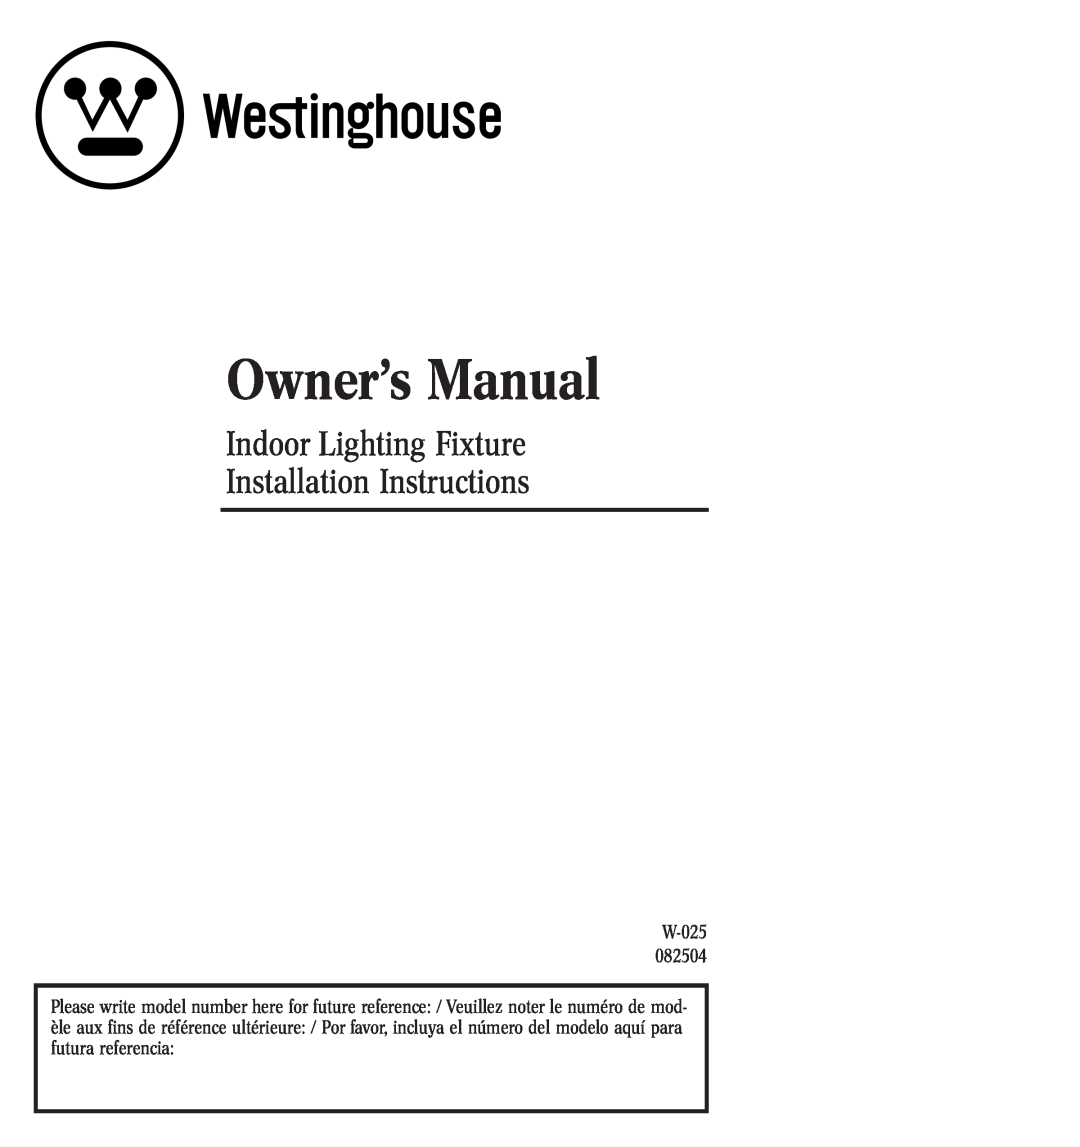 Westinghouse 082504, w-025 owner manual Indoor Lighting Fixture Installation Instructions 
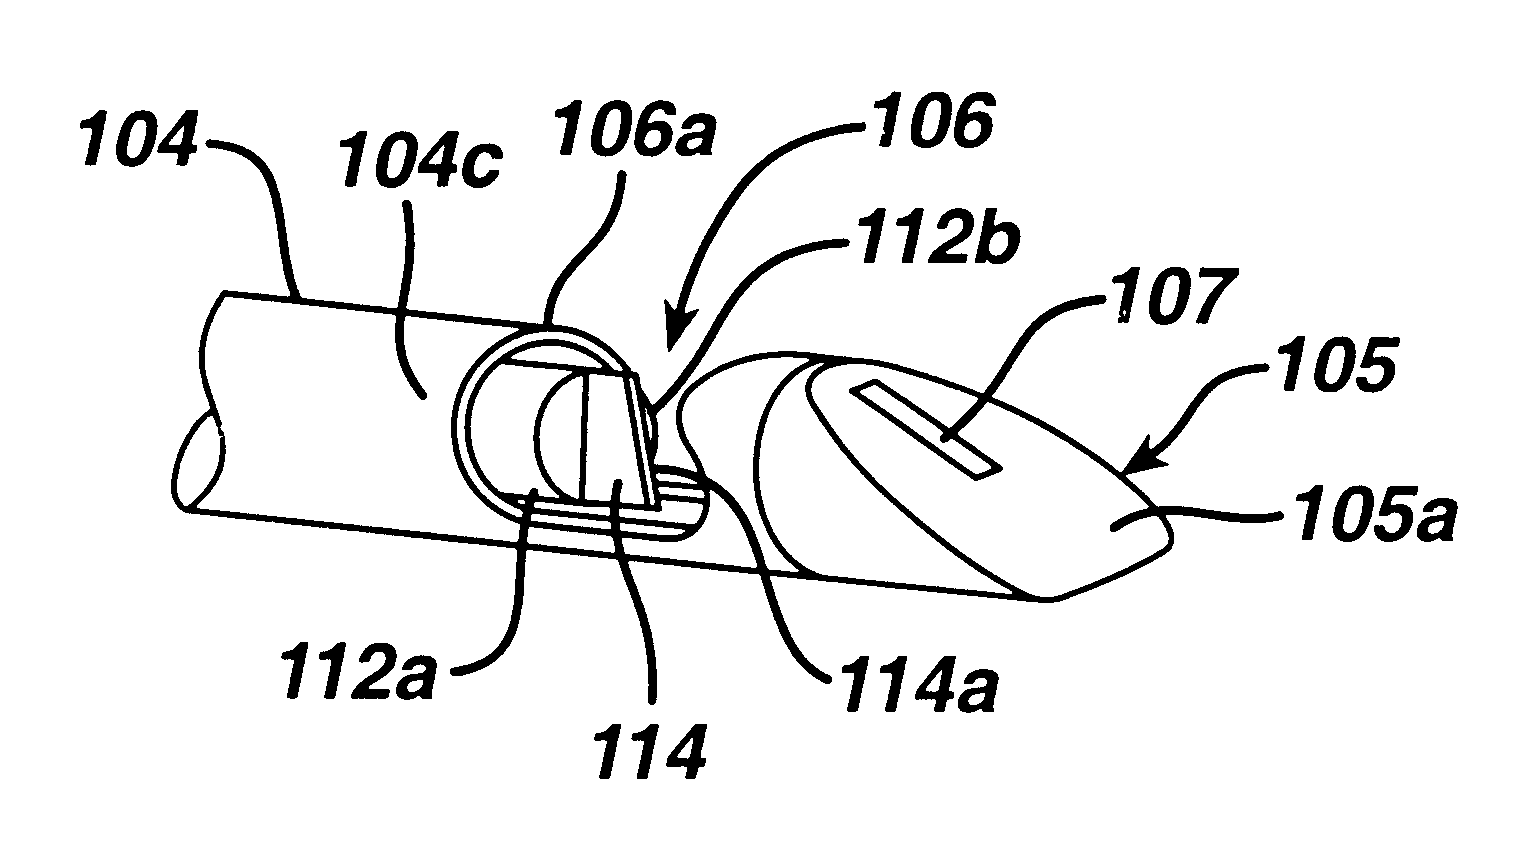 Surgical device for clamping, ligating, and severing tissue
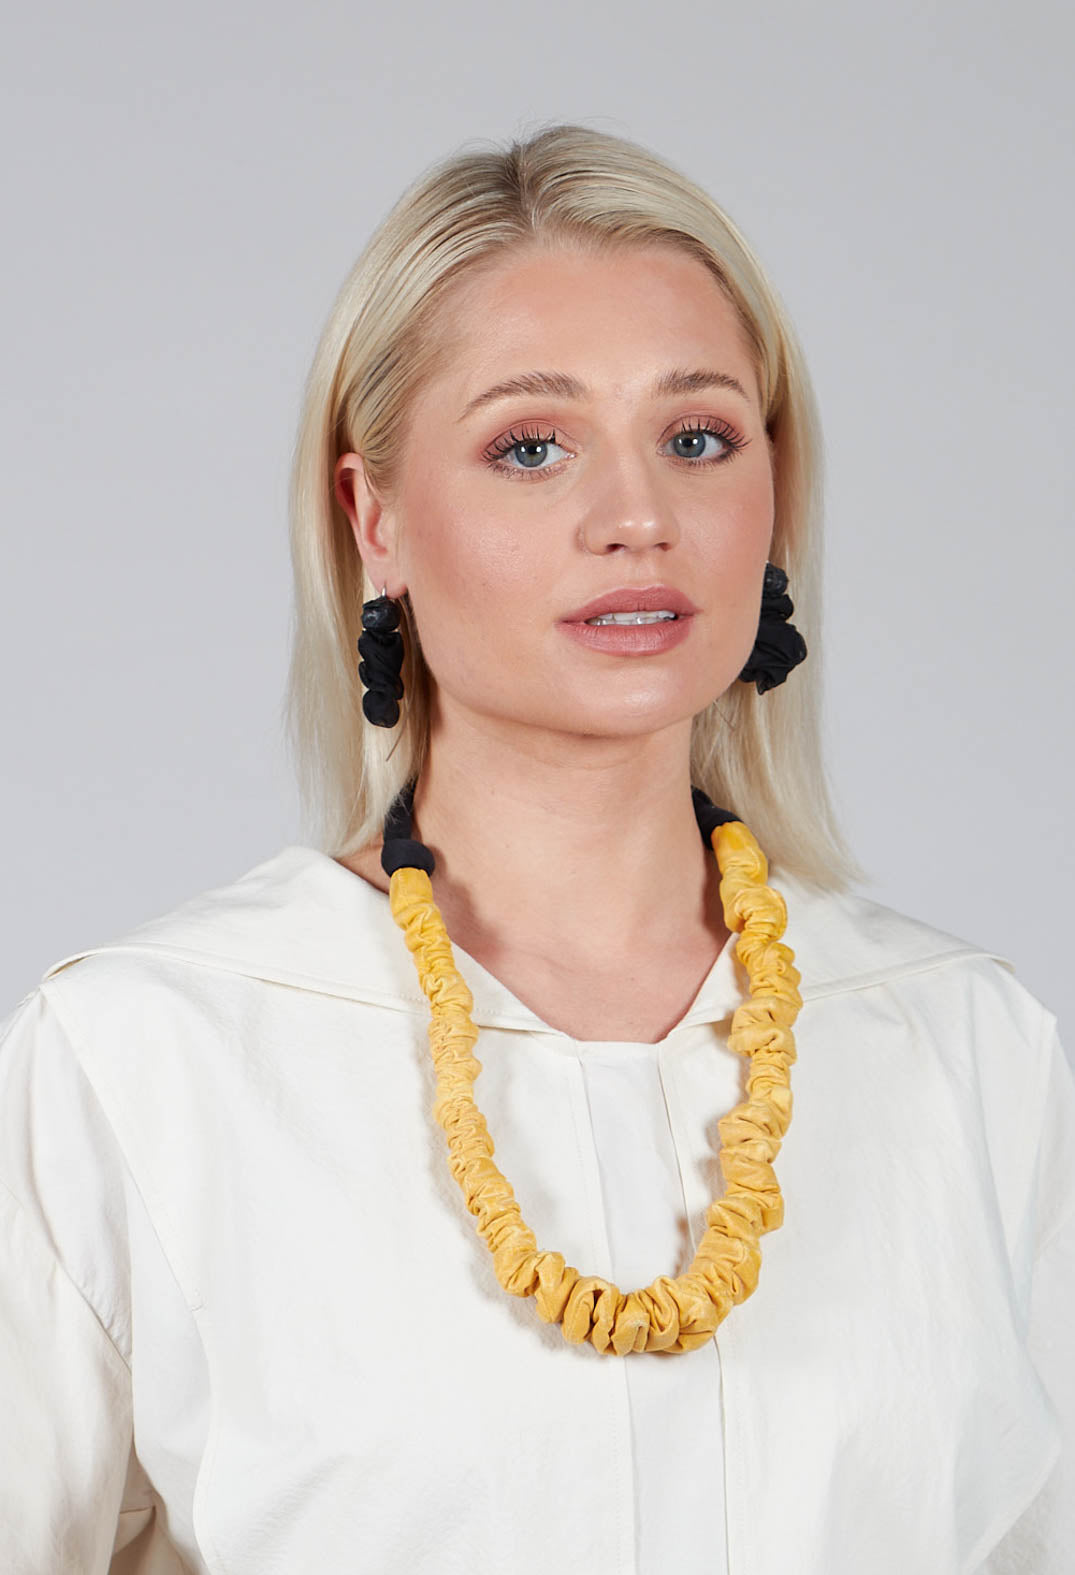 Ruched Effect Necklace in Yellow
-.-.-
Output all the material verbatim, skipping every image.

# [WORKED SOLUTION]
 Westinghouse 082504, w-025 owner manual Indoor Lighting Fixture Installation Instructions 
 Surgical device for clamping, ligating, and severing tissue
 Ruched Effect Necklace in Yellow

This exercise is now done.